Some weeks ago i dosed other fert which had only 1ppm Mo as opposed to TMG which has 20 ppm Mo. That's why i switched to TMG thinking it was Mo deficiency but it's seems it is not. I agree with you that it can be B, Zn or Cu. Yesterday i added 0.06 ppm B and i'm waiting for plants response. So far i've done the following things to find what is the culprit in my tank:

- increased Ca from 13 ppm to 30 ppm: some inprovement, fewer burned tips
- dosed Ca mainly from CaCl2: failed, withered leaves appeared on 
Altarnatera (Cl over 5 ppm); burning still exists, growth stunted
- limited Cl to max. 5 ppm, more CaSo4: no more withered leaves; burning 
still exists, growth stunted
- limited SO4 to 40ppm (CaCO3 was introduced in place of MgSO4); no effect
burning still exists, growth stunted;
- started heavy micro dosing; 6ml per 200L of fert wich is:
Fe: 2100 ppm
Mn: 1000 ppm
B: 150 ppm
Cu: 80ppm
Zn: 150 ppm
Mo: 1 ppm
effect - growth stunted even further (probably because all the micros were
increased at the same time; only one or two micros should have been 
changed probably, but i didn't know which one/ones)

- added more Mn - no effect, burning still exists, growth stunted
- increased Mg from 5 to 10; no effect, burning still exists, growth stunted
- setting Mg to 3 and Ca to 25; slight Mg deficiency appeared on 
some anubias leaves (intreveinal chlorosis in older leaves); burning still 
exists, growth stunted;
- added 0.06 ppm of boron - waiting for plants response

If more boron doesn't improve anything i'll have to raise the elements you've told about; Zn, Cu. So, now i'm waiting to see if more added boron will chabge the situation...


----------



## fabry

Hi kekon,
considering the ratios between the single elements in your micros it is not odd that under heavy dosing your troubles are increasing even further.

The ratio between Fe and Mn is correct, but both are too high in comparison to Zinc and others.

The young pale leaves you see are not necessarily related to a Fe deficiency.

Consider that Fe, Mn, Zn and Cu antagonize each other so the excess of one leads to a deficiency in another one.

The B concentration is also too low.
But this is also related to Calcium levels in your water (which are not so hight), and this allows you to stay a little bit lower in Boron before seeing deficiencies.

The Cu is not that bad.

I would rise Mo also.

Do not go too far from the ratios I gave you in my previous mail, in particular for the Zn at about 1/4 of Fe.

Regards.

Fabrizio.


----------



## Zapins

Fe: 2100 ppm
Mn: 1000 ppm
B: 150 ppm
Cu: 80ppm
Zn: 150 ppm
Mo: 1 ppm

You must be off with these ppm values.

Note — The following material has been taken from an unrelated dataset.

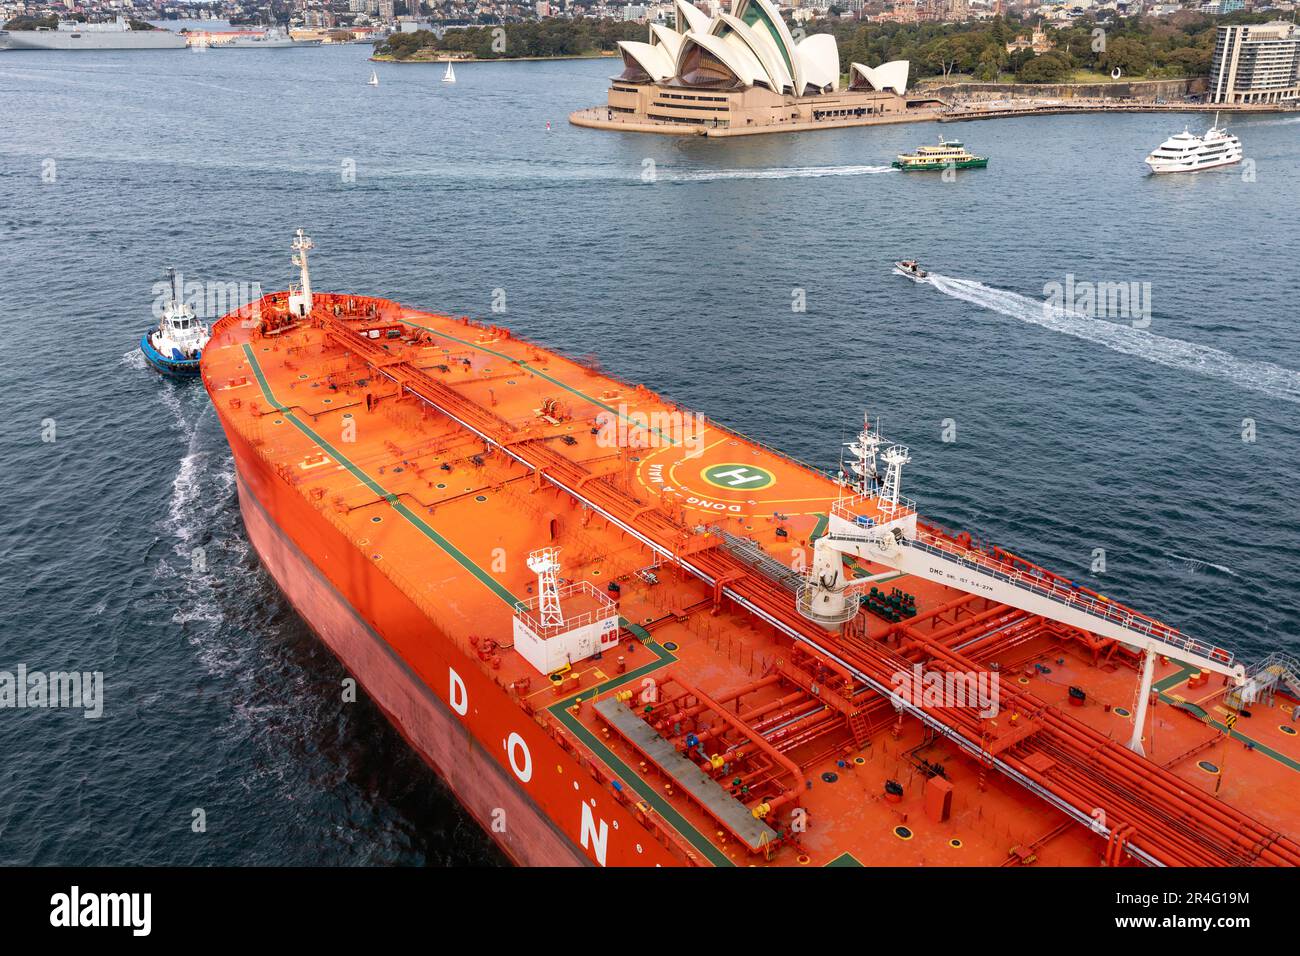 Sydney Harbour large oil tanker Dong a Maia travelling under Panama flag head towards Sydney opera house and garden island naval base,Sydney,Australia Stock Photo

If your copper was that high in the water column then very bad things would happen. At .7ppm copper begins to actively kill plants, at 80ppm your fish would die and all your plants would die too within hours.


----------



## banderbe

Why do you feel the need to be so concerned with micro-nutrients? I have absolutely no idea how much of any micros I have. I dose 6 ml TMG daily and supplement with 3 ml Flourish Fe daily. That's it. I could care less how much boron I have. The simple fact that there are virtually no posts discussing boron tells you how unimportant it is, and how easy it must be for virtually everyone to obtain acceptable levels of it. I think you are on a wild goose chase, but it looks like you are having fun so knock yourself out. I will bet my family jewels that you will not solve your problem using your current strategy of trying to micro-manage down to the ppm your micronutrients.


----------



## Zapins

Would have to agree w/ banderbe. Give it some time with the higher nitrates/calcium/potassium and then assess from there.


----------



## fabry

Zapins said:


> Fe: 2100 ppm
> Mn: 1000 ppm
> B: 150 ppm
> Cu: 80ppm
> Zn: 150 ppm
> Mo: 1 ppm
> 
> You must be off with these ppm values. If your copper was that high in the water column then very bad things would happen. At .7ppm copper begins to actively kill plants, at 80ppm your fish would die and all your plants would die too within hours.


Zapins,
I don't think Kekon is sayng he is keeping 80 ppm of Copper in his tank.
I think he is sayng that he is using 6 ml per 200l of a fert. with the following composition: 
Fe: 2100 ppm
Mn: 1000 ppm
B: 150 ppm
Cu: 80ppm
Zn: 150 ppm
Mo: 1 ppm


----------



## kekon

Zapins said:


> Fe: 2100 ppm
> Mn: 1000 ppm
> B: 150 ppm
> Cu: 80ppm
> Zn: 150 ppm
> Mo: 1 ppm
> 
> You must be off with these ppm values. If your copper was that high in the water column then very bad things would happen. At .7ppm copper begins to actively kill plants, at 80ppm your fish would die and all your plants would die too within hours.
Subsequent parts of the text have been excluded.